Quadir Gibson and Darian Person are accused in the shooting death of Aisha Abdur Rahman, 15, a Delaware Valley Charter student.

File photo: Majeedah Rashid (right) of the Nicetown CDC Community Center hugs a vigil attendee in September after the death of Aisha Abdur-Rhaman. ( YONG KIM / STAFF PHOTOGRAPHER )
File photo: Majeedah Rashid (right) of the Nicetown CDC Community Center hugs a vigil attendee in September after the death of Aisha Abdur-Rhaman. ( YONG KIM / STAFF PHOTOGRAPHER )Read more

A FORMER Father Judge High School football standout and another teen were held for trial yesterday on murder charges in the September shooting death of a 15-year-old Delaware Valley Charter High School student - a passer-by near the scene of a fight.

A bullet pierced Aisha Abdur Rahman's back shortly after 4 p.m. Sept. 22 as she walked on Old York Road near Tabor, in Logan, just outside Albert Einstein Medical Center. She was pronounced dead shortly afterward at the hospital.

A 19-year-old, Donald Boseman, was shot and injured.

After a nearly three-hour preliminary hearing, Municipal Judge James DeLeon held Quadir Gibson, 15, the former Judge player, and Darian Person, 19, for trial on a charge of "murder generally" - which includes first- and third-degree murder - as well as conspiracy, attempted murder and weapon offenses.

Authorities contend that during a fight between two groups that day, with Person and Gibson on one side and Boseman on the other, Person took out a gun and Gibson urged him to shoot.

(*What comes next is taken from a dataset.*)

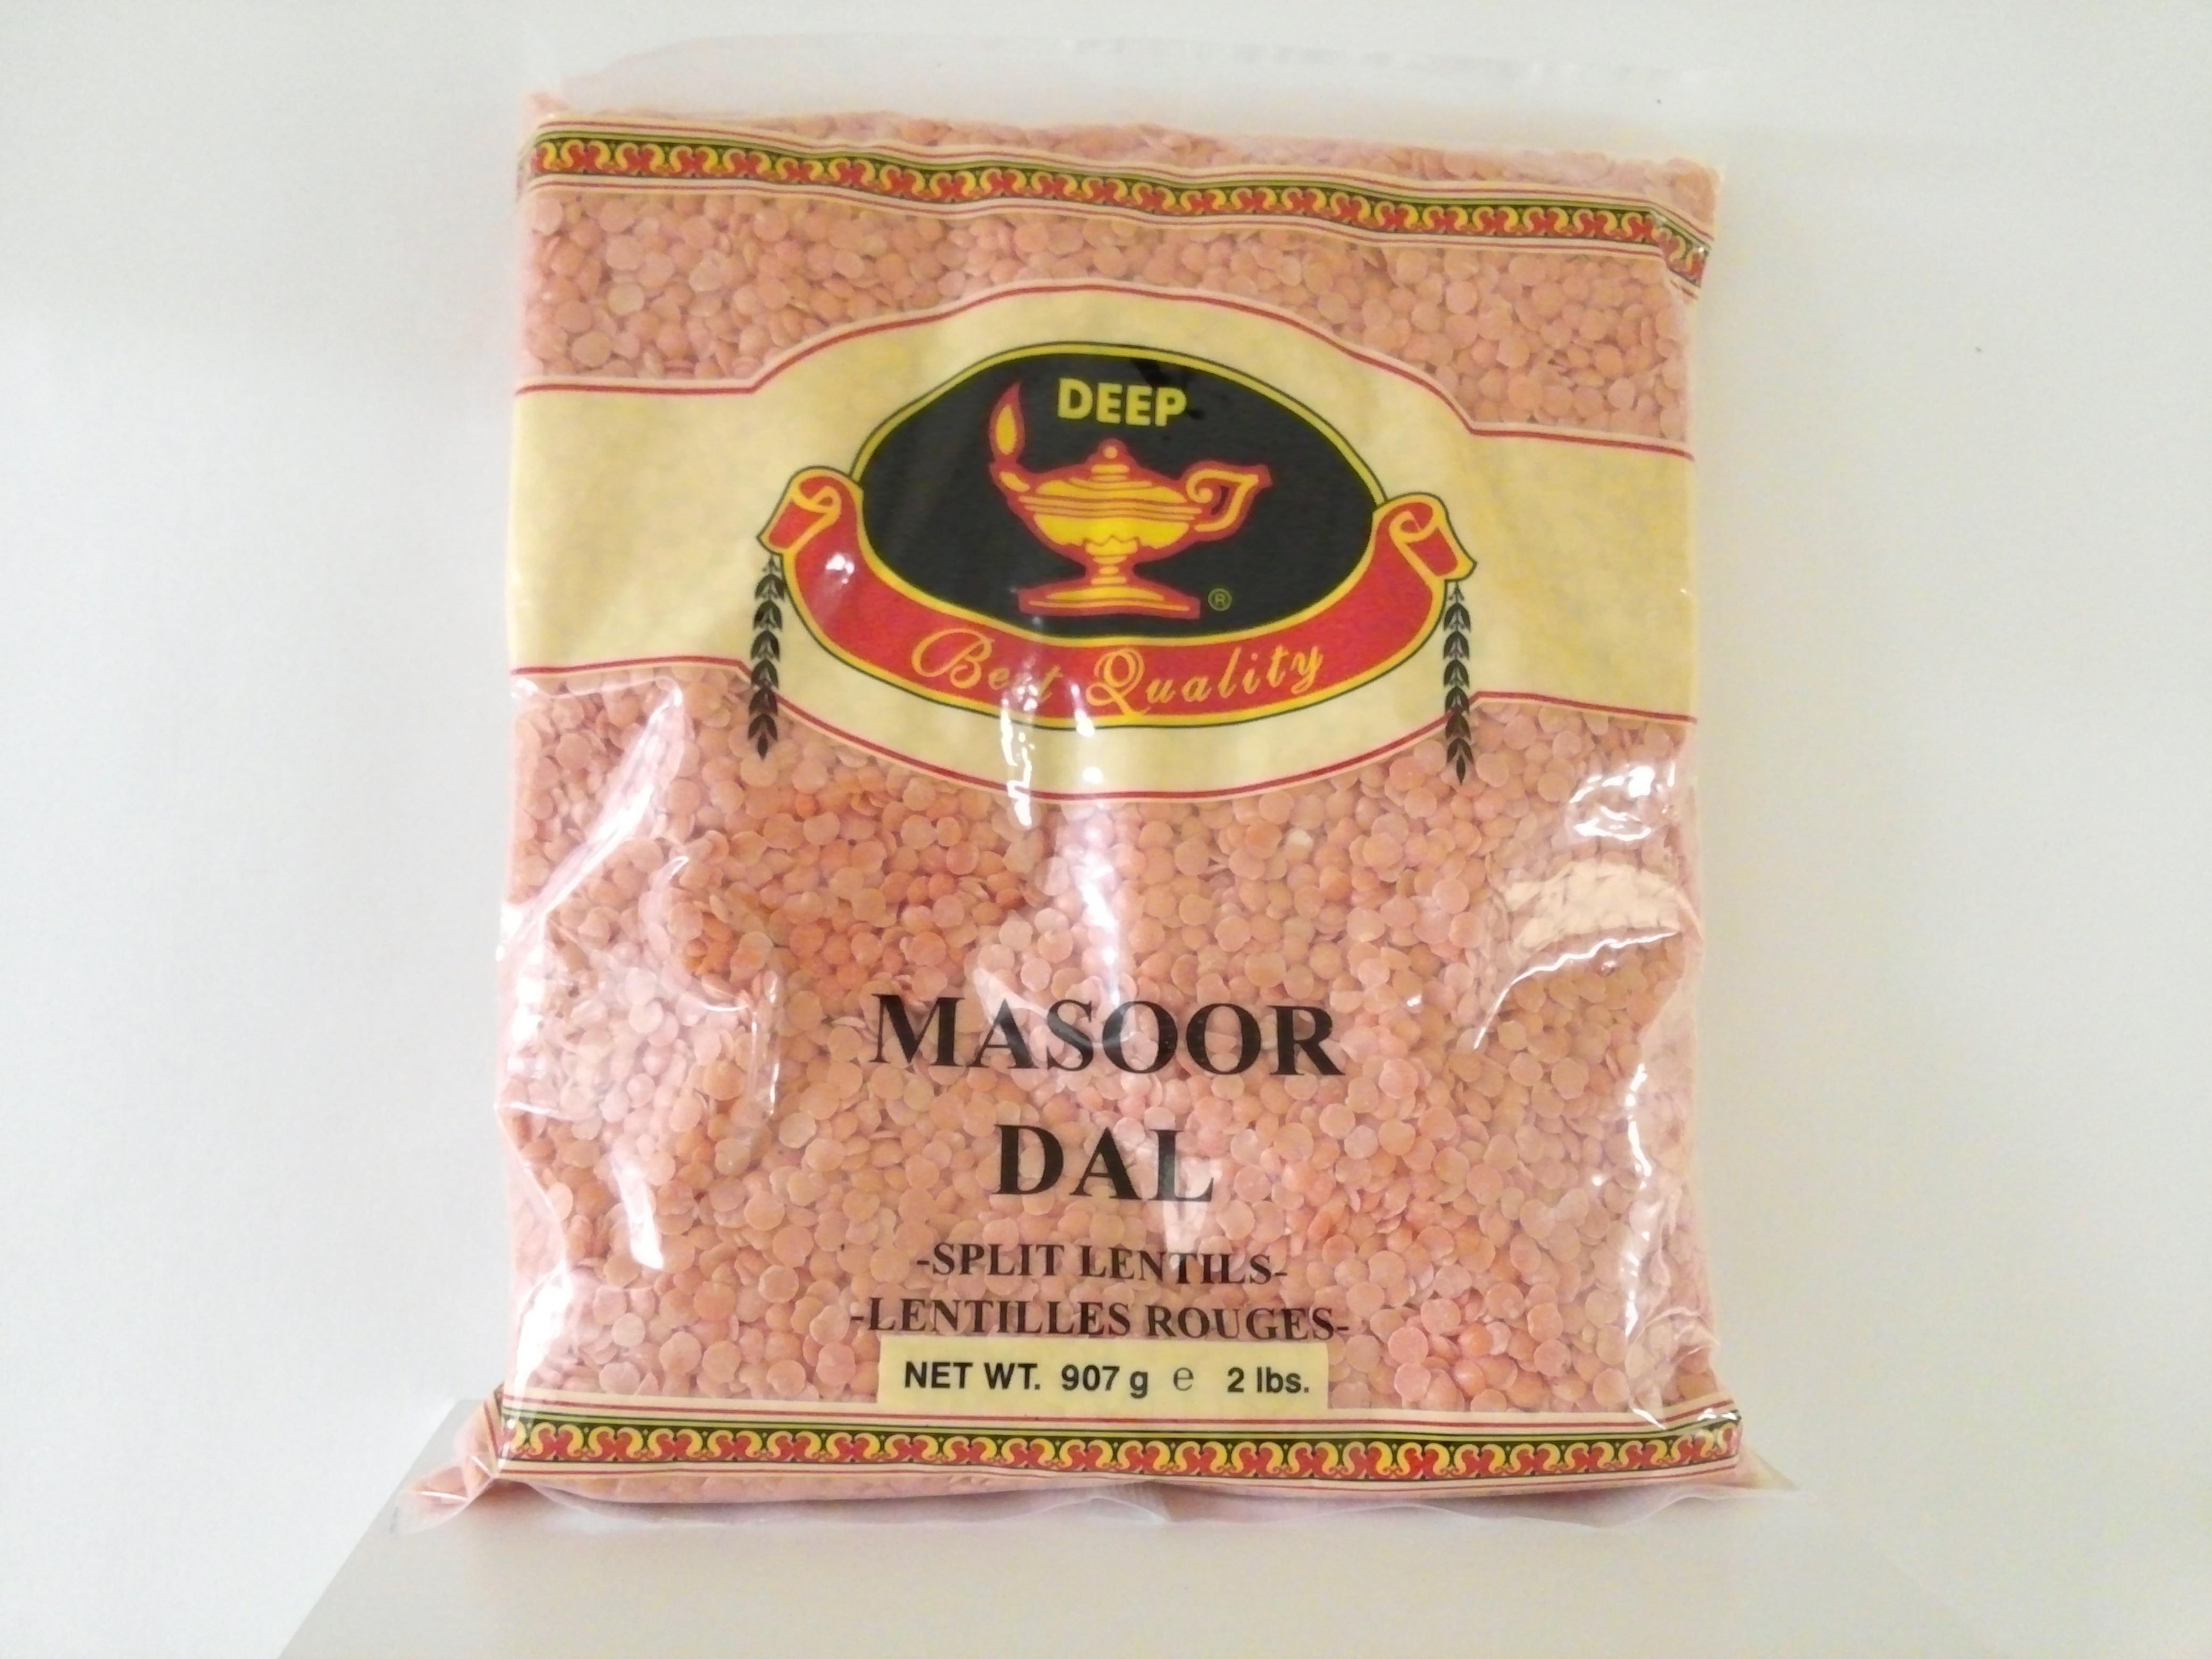 Masoor Dal 2 lbS

Gibson gave a statement to police, which was not read aloud in court but parts of which were referenced.

"He yells out, 'Throw that s--- at them!' " DeLeon said, referring to what Gibson said to Person after Person took out his gun, according to Gibson's statement.

The judge said that in lay language, that means to "put a couple of bullets down the range."

Assistant District Attorney Mark Levenberg also said that Gibson, in his statement, said those words meant "shoot them."

Gibson's statement was the only evidence against him during the hearing.

The main witness yesterday was a 15-year-old girl who knows Gibson and who was with him and a few others as they waited in a nearby subway station after the shooting. She said cops approached them as they waited for a train, then took them to the homicide division for questioning.

The Daily News is not publishing the girl's name because she is a juvenile.

She said that Gibson was walking on crutches that day.

In a statement and a photo array she had signed, she had identified Person as the shooter to police. But in court yesterday, she was hostile on the stand with the prosecutor and contended she had not said some of the things in her statement and had not circled Person's photograph.